I was going to do a really large list while away for the day, but I don't want to get pegged while gone so I'll save that for another time.

cdubz · 2017-07-02T01:27:15Z

Here are some more smaller runs. I'll try a larger list tonight as well -

Test 6 (500 IPs, rate_limit_timeout=30)

Test 7 (500 IPs, rate_limit_timeout=10)

Test 8 (500 IPs, rate_limit_timeout=10, socket_timeout=20)

Test 9 (1,000 IPs, rate_limit_timeout=10, socket_timeout=20)

Test 10 (2,000 IPs, rate_limit_timeout=10, socket_timeout=20)

Not seeing much difference with the LACNIC failure rates.

secynic · 2017-07-02T05:26:01Z

Thanks, this is really helpful. I will go through what you have attached. I didn't expect much with improving the LACNIC failures, other than increasing the retry count.

The CPU utilization is definitely a concern. I know Python likes to utilize as much as possible. Could you provide some system stats (CPU, mem, OS)? Was it frozen, or just pegged at 100% for a bit?

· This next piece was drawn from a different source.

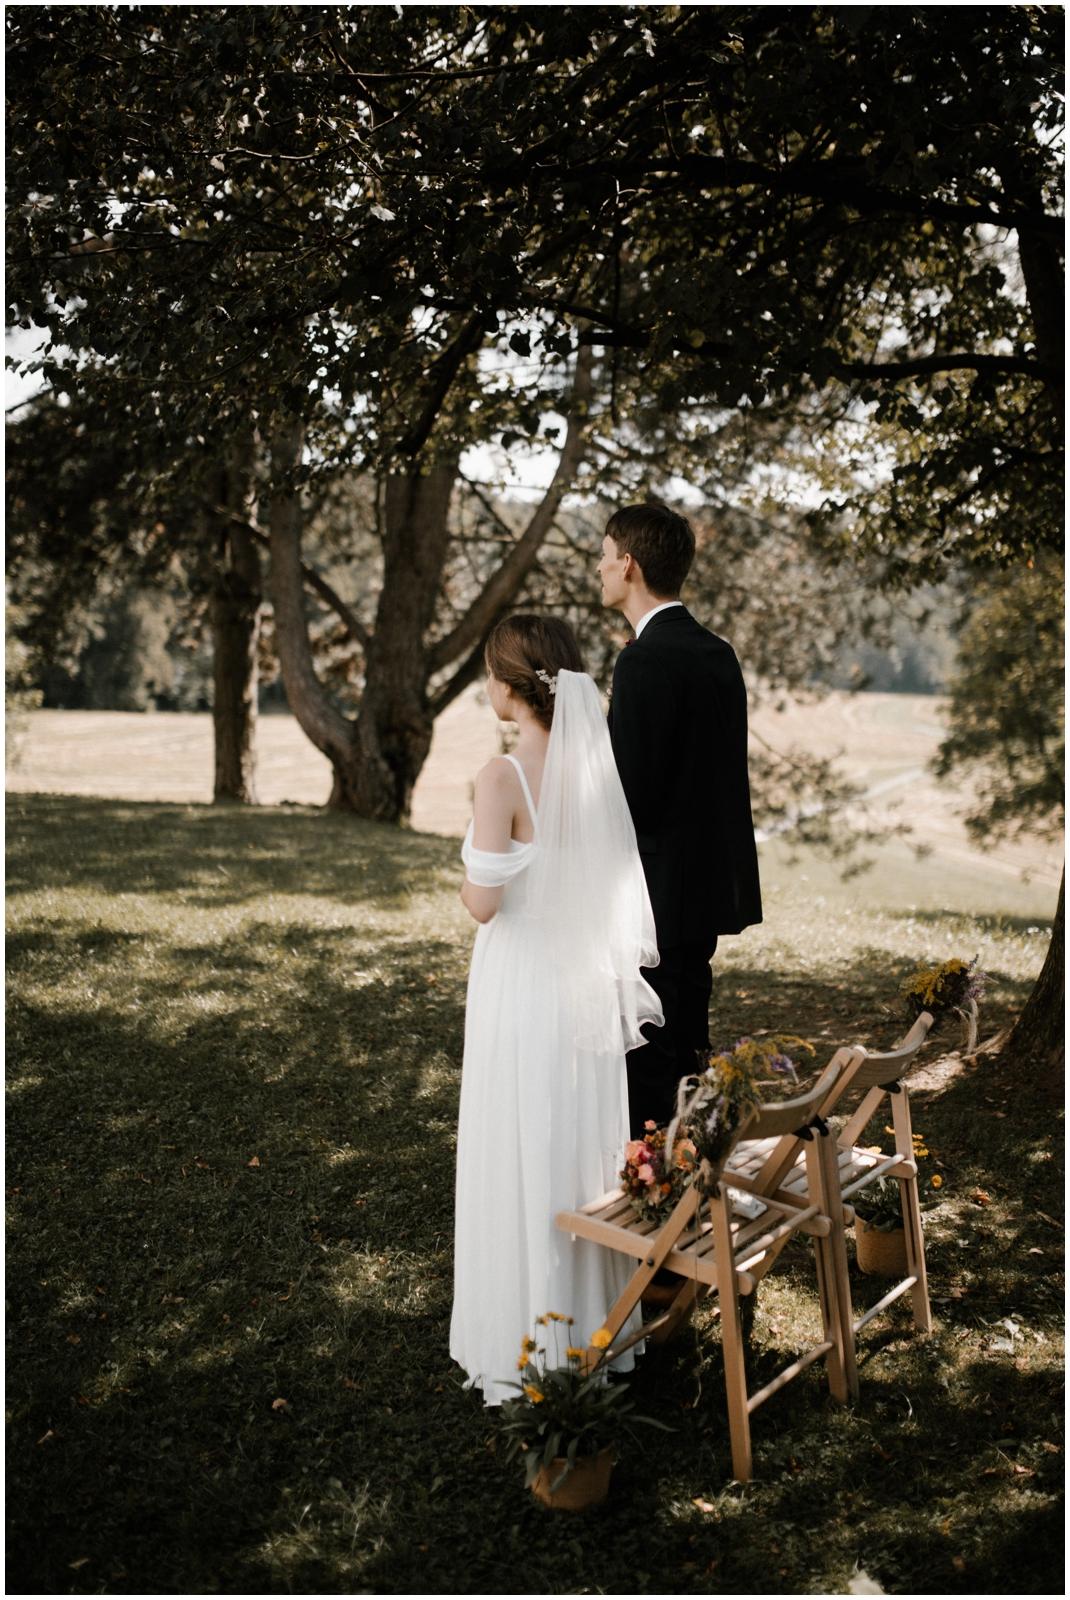 mirjam_thomas_wedding-350.jpg

cdubz · 2017-07-02T10:59:04Z

One core was pegged at 100% and it was like that for at least 20 minutes or so before I got to it. Didn't appear to be frozen. It seemed like an infinite loop problem but I wasn't able to figure that out for sure. It was running on a pretty powerful machine - Core i5-4670K, 16GB memory, Linux Mint 18.1.

Crazily enough, it appears I have just reproduced it with another large set. About eight hours ago I kicked off a set of 50,000 IPs (haha) and it only made it through about 8,000 (because of the LACNIC delays). But it was still running until right this moment, when it is has pegged a core at 100% again! This is with a different computer (laptop) - Core i3 M370, 8GB memory, Ubuntu 16.04.2. Interestingly, the pegged core changes from time to time.

Seems to point to the same line, experimental.py@L263 but again I'm not sure how to uncover much more than that.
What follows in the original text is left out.